- Born: David Anthony Young January 29, 1940 (age 86) Winnipeg, Manitoba, Canada
- Genres: Jazz
- Instruments: Double bass

= Dave Young (bassist) =

Canadian double bassist (born 1940)

David Anthony Young (born January 29, 1940) is a Canadian double bassist.

== Career ==
Young played with jazz guitarist Lenny Breau in local gigs before studying music at Berklee College of Music and the Royal Conservatory of Music in the 1960s. He played with a number of Canadian symphony orchestras in the 1970s and worked extensively in jazz with Kenny Barron, Gene DiNovi, Wray Downes, Tommy Flanagan, Oliver Jones, and Oscar Peterson. He was honoured as a Young Member of the Order of Canada in 2006. He has the technique of performing bowed solos like Paul Chambers.

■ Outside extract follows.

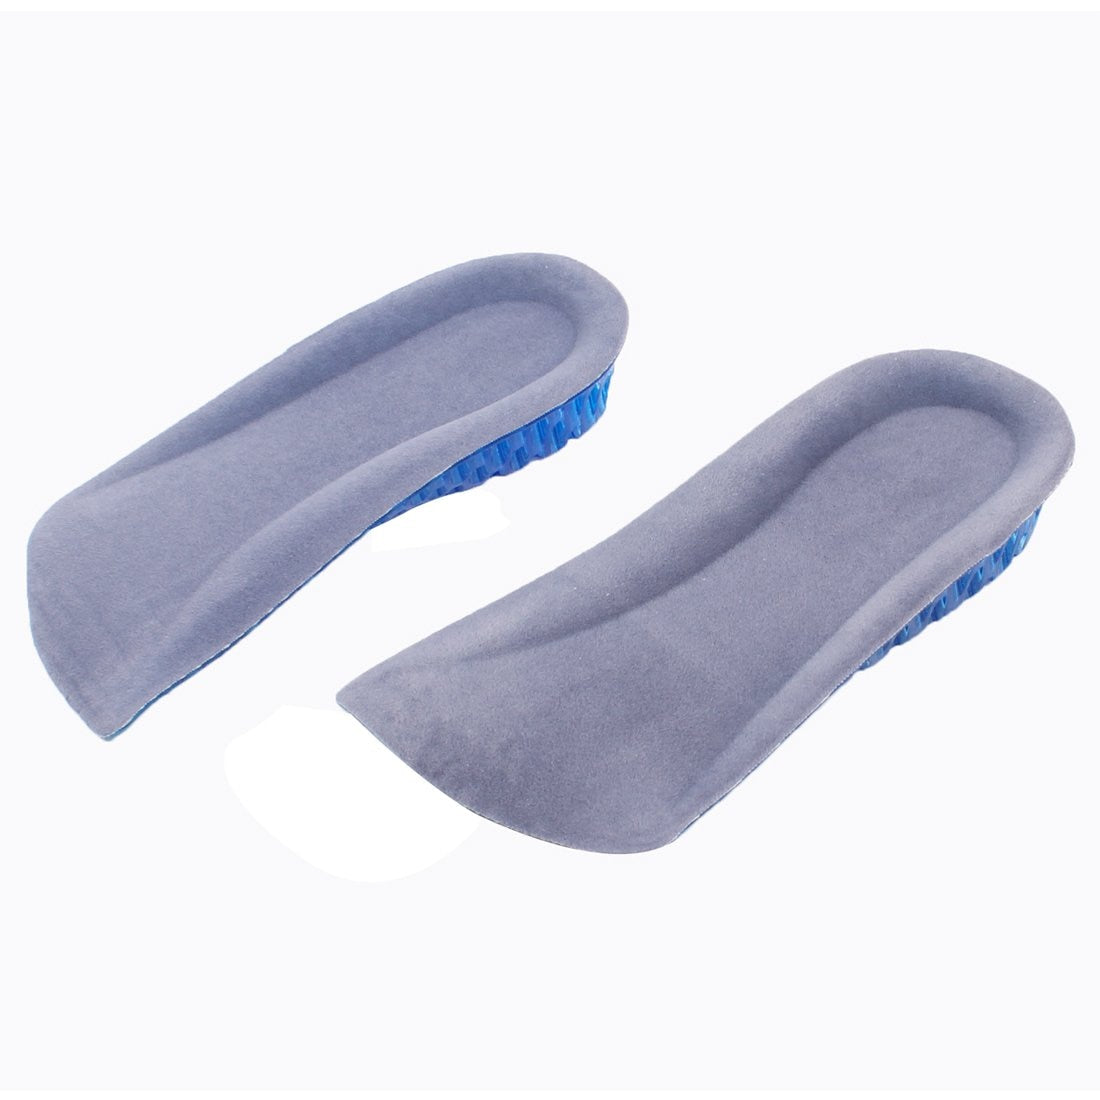 Hot-2 Pcs Clear Blue Gray 1.1" Height Heel Increase Silicone Gel Insoles Pads - ebowsos

Young has been nominated for nine Juno Awards, winning the 1994 Best Mainstream Jazz Album for Fables and Dreams with the Phil Dwyer Quartet.

==Awards and nominations==
- Au Privave - Wray Downes & Dave Young – Best Jazz Album (nominated, 1982)
- Fables and Dreams – Dave Young / Phil Dwyer Quartet – Best Mainstream Jazz Album (winner, 1984)
- Live at Bourbon St. – Lenny Breau with Dave Young – Best Mainstream Jazz Album (nominated, 1997)
- Two By Two, Piano Bass Duets, Vol. II – Dave Young – Best Mainstream Jazz Album (nominated, 1997)
- Inner Urge – Dave Young Trio – Best Mainstream Jazz Album (nominated, 1999)
- Mainly Mingus – Dave Young Quintet – Traditional Jazz Album of the Year (nominated, 2006)
- Aspects of Oscar – Dave Young Quintet – Traditional Jazz Album of the Year (nominated, 2012)
- Volume One – Dave Young/Terry Promane Octet – Traditional Jazz Album of the Year (nominated, 2013)
- One Way Up – Dave Young Quintet – Jazz Album of the Year: Group (nominated, 2017)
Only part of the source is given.